STUDY DESIGN/SETTING
A retrospective cohort study.
PATIENT SAMPLE
This study used data from a nationwide database in Japan, the Japan Rehabilitation Database (JARD), consisting of records from 1991 to 2015. JARD contains both the SCI patients admitted to the SCI center right after the injury and the SCI patients referred to a rehabilitation hospital following acute phase treatment. In total, 3,703 cases formed the study cohort.
OUTCOME MEASURES
N/A
METHODS
Patient demographics, SCI-specific characteristics, and neurological evaluations at admission were used for ML model training.
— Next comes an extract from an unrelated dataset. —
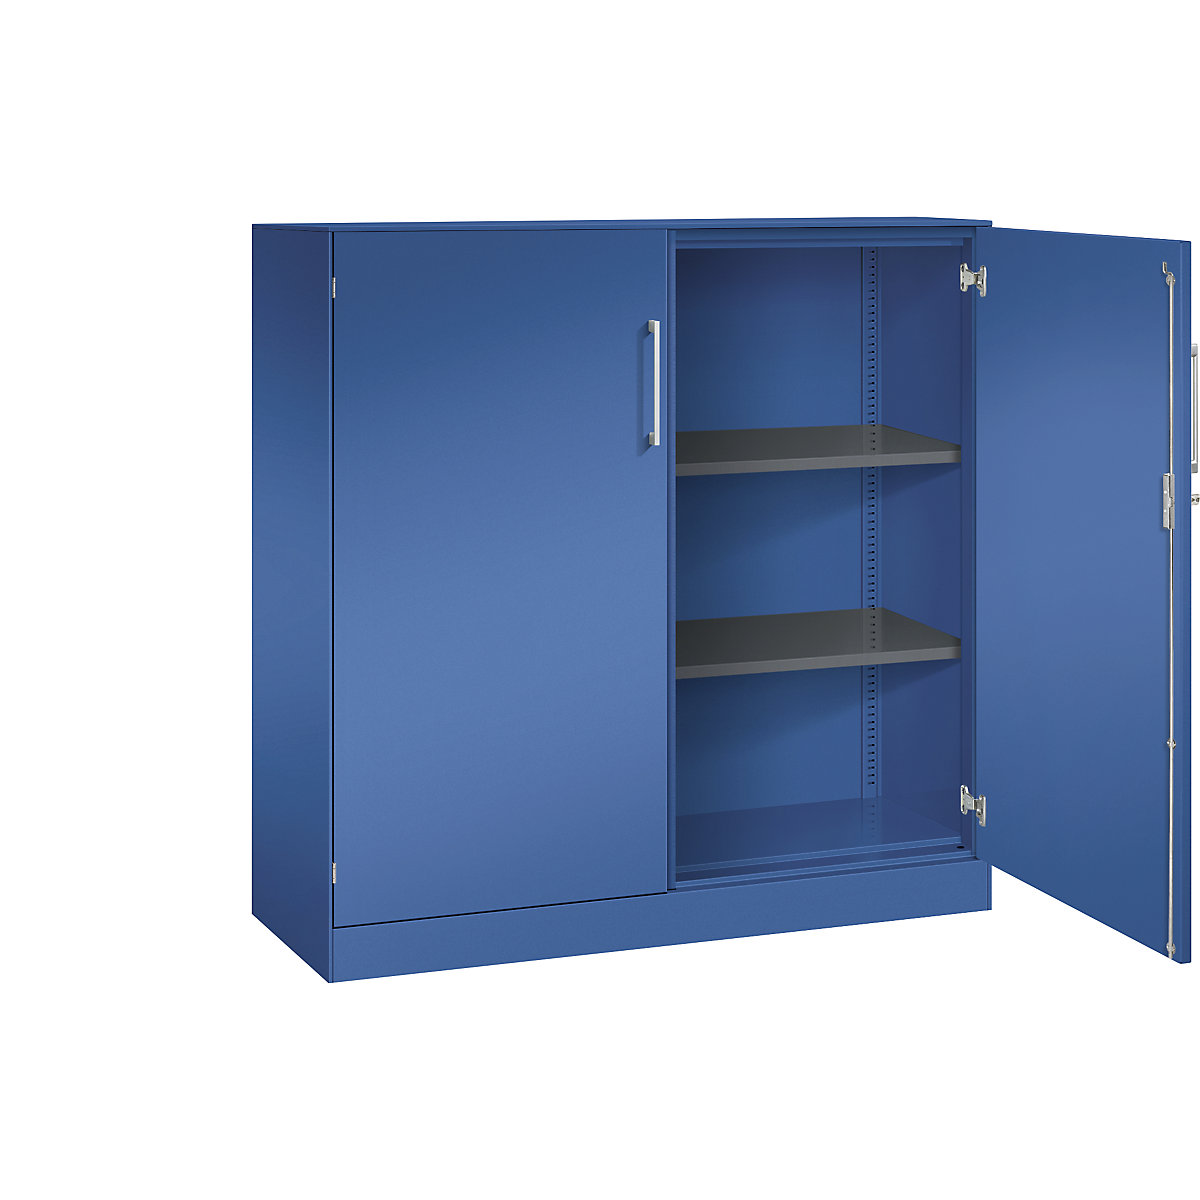 C+P – Skříň s otočnými dveřmi ASISTO, výška 1292 mm, šířka 1200 mm, 2 police, enciánová modrá/enciánová modrá

Utilizing the PyCaret library for preprocessing and validating the models, the best-performing algorithm was selected based on R², accuracy, and the weighted Kappa coefficient. Shapley additive explanations (SHAP) were used to determine the contribution of individual variables to the model's predictions. Using the optimal ML model and Streamlit, a web application to predict AIS at discharge was deployed.
RESULTS
The study divided the dataset into 2,592 training cases and 1,111 testing cases. The best-performing model exhibited an R² of 0.869, an accuracy of 0.814, and a weighted Kappa of 0.940. Eleven significant variables were identified with SHAP, including AIS at admission, days from injury to admission, and the motor score of L3. Using the Streamlit library, this best-performing model was deployed as an open-access web application. (http://3.138.174.54:8502/)
CONCLUSIONS
The developed ML model accurately predicts the AIS at discharge, using 11 essential variables. It has been integrated into a publicly accessible web application.
FDA Device/Drug Status
This abstract does not discuss or include any applicable devices or drugs.